By Femi Bolaji, Jalingo

THE Fulani Community of Yammawar Kafawa in Dambatta Local Government Area of Kano State has, over the years, been plagued by myriads of water-borne diseases like diarrhoea and cholera. It is a situation that has brought so much agony and pains to families affected and the community in general. The community, with a population of 1,649 people who are predominantly peasant farmers and cattle rearers, has in recent past been massively hit by fatalities through cholera and diarrhoea.

Kafawa  Defecation
Water project in Yammawar Kafawa spearheaded by UKaid, UNICEF and the Federal Government

But the story for them today is different. Thanks to a trend which they adopted and which neighbouring communities are already tapping into to salvage themselves from the scourge of water-borne diseases. Yammawar Kafawa is currently one of the three Open Defecation Free, ODF, communities in Kano State out of the 77 triggered communities in six local government areas through the Sanitation, Hygiene and Water in Nigeria, SHAWN. The project is supported by the United Kingdom Agency for International Development, UKaid, United Nations Children Fund, UNICEF and the Federal Government.

Before now

Open defecation is not only practised in Yammawar Kafawa community, but has been the norm in most rural communities across the country. This practice is not limited to rural dwellers as urban settlers also engage in the act. It brings the total to about 47 million Nigerians spread across the six geopolitical zones who currently practice open defecation.

Ibrahim Inusa, is a resident of Yammawar Kafawa community and has two wives and six children. Narrating his experience with regards to the trend in his community, Inusa told Vanguard correspondent who was one of the 40 journalists who visited the community during the launch of Federal Government’s “Use The Toilet Campaign” in Kano, that he and several households had been victims of cholera at different times.

Inusa who has herds of cattle and also doubles as a peasant farmer, took our correspondent to his home and lamented the hardship he faced in footing the bills of his children who contracted cholera sometime ago. He attributed the cause of the ailment to ignorance on his part and the community as they never thought emptying their bowels openly could be the cause of their predicament.

Emptying their bowels openly

“It was when I took my child to the hospital that I was told he had cholera. This is not limited to my household as several others too were affected. As a peasant farmer, it was difficult to settle the bills, but my child’s life was more important to me. If most of our children were not given adequate medical attention at the time, by now we would not have offspring to take after us since we are aging,” Inusa said in Hausa language.

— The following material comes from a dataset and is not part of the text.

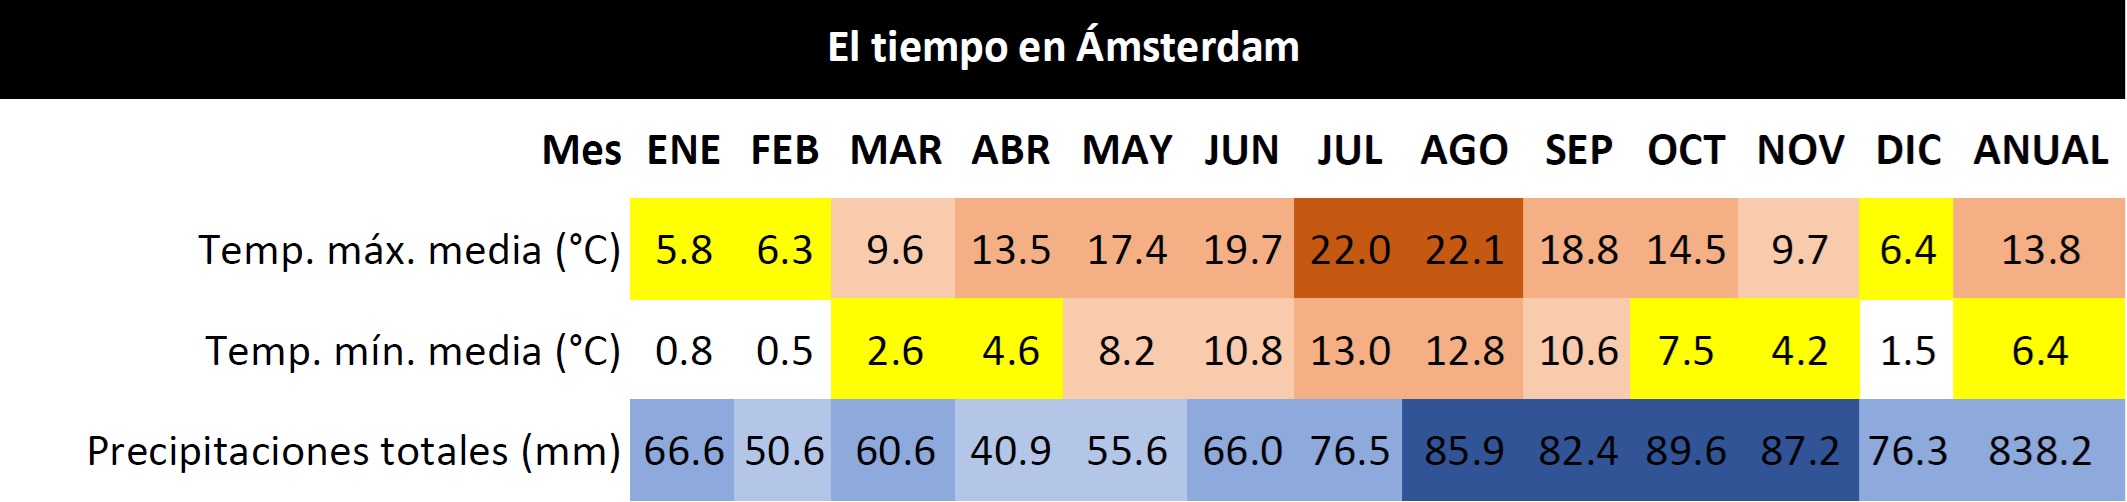 El tiempo en Ámsterdam - Clima

On open defecation, Inusa said: “We were used to it before now, but when intervention came, we were educated about its effects on our well-being. It was difficult to adapt to the new method but we are grateful that there is widespread behavarioul change in our community. Each household now has a toilet with the support of those that brought about the behaviour change of our people; and neighbouring communities are now adopting our method. As I speak to you, open defecation is prohibited in this community, both for indigenes and visitors with defaulters liable to strict punishment. On account of this, we have not had any case of cholera or diarrhoea in a long time.”

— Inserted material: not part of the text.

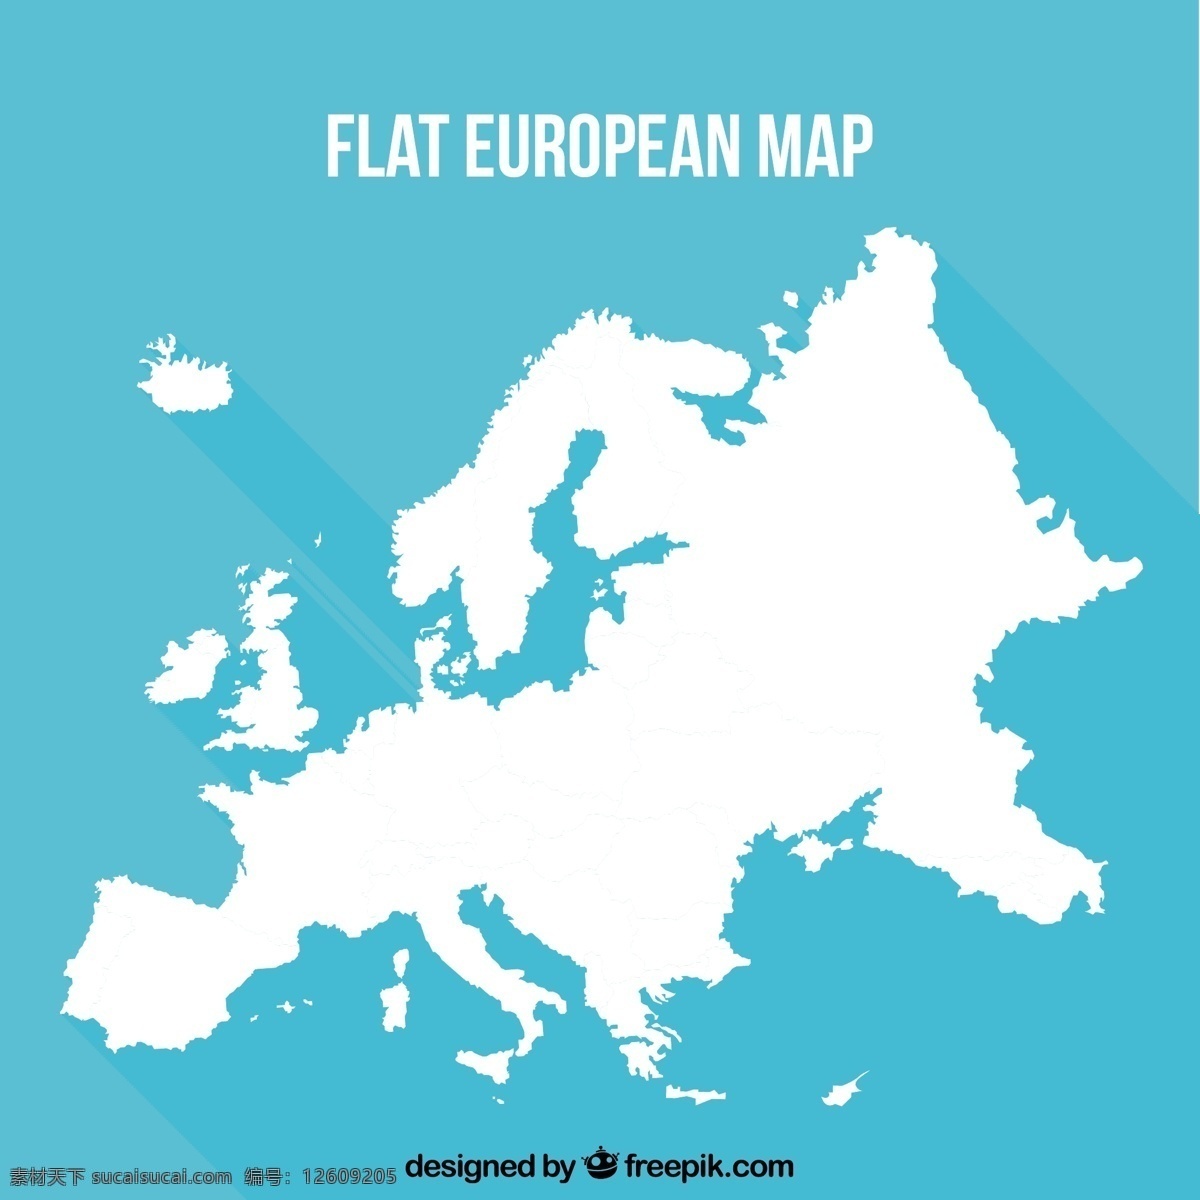 蓝色 背景 欧式 平面 地图 旅行 世界 世界地图 地球 剪影 旅游 度假 假期 乡村 地理 欧洲 行李

The Village head of Yammawar Kafawa, Rabiu Usman, while outlining the measures employed to curb the prevalence of open defecation, said the community collectively agreed to impose fine on defaulters. “A fine of N2,000 was imposed on kids who defecate openly which their parents would pay, while N3,000 is the penalty for open defecation for adults. Added to this is that the person will have to pack the feaces with his hand to teach others a lesson,” he said.

He noted that the measure has really helped the community as most of its indigenes have adhered strictly to the use of toilets. “Before now, there used to be frequent outbreak of cholera and diarrhoea, but since our compliance there has not been any of such. Each household has a toilet; an emergency toilet is also available in the village square in case one needs to use it when not in the house and also for visitors. There is availability of soap and water for hand washing after defecating,” he informed.

When our correspondent checked some of the facilities which are mostly pit latrines, there was a drop hole cover to control the offensive odour oozing from the latrines with taps and kettles for hand washing. The village head added that the community, which hopes to remain Open Defecation Free, ODF, has constituted a patrol team to monitor compliance. “There is a daily special patrol team that monitors the community to hunt for those defecating openly. We are fully committed to sustaining the tempo and extending to other communities.”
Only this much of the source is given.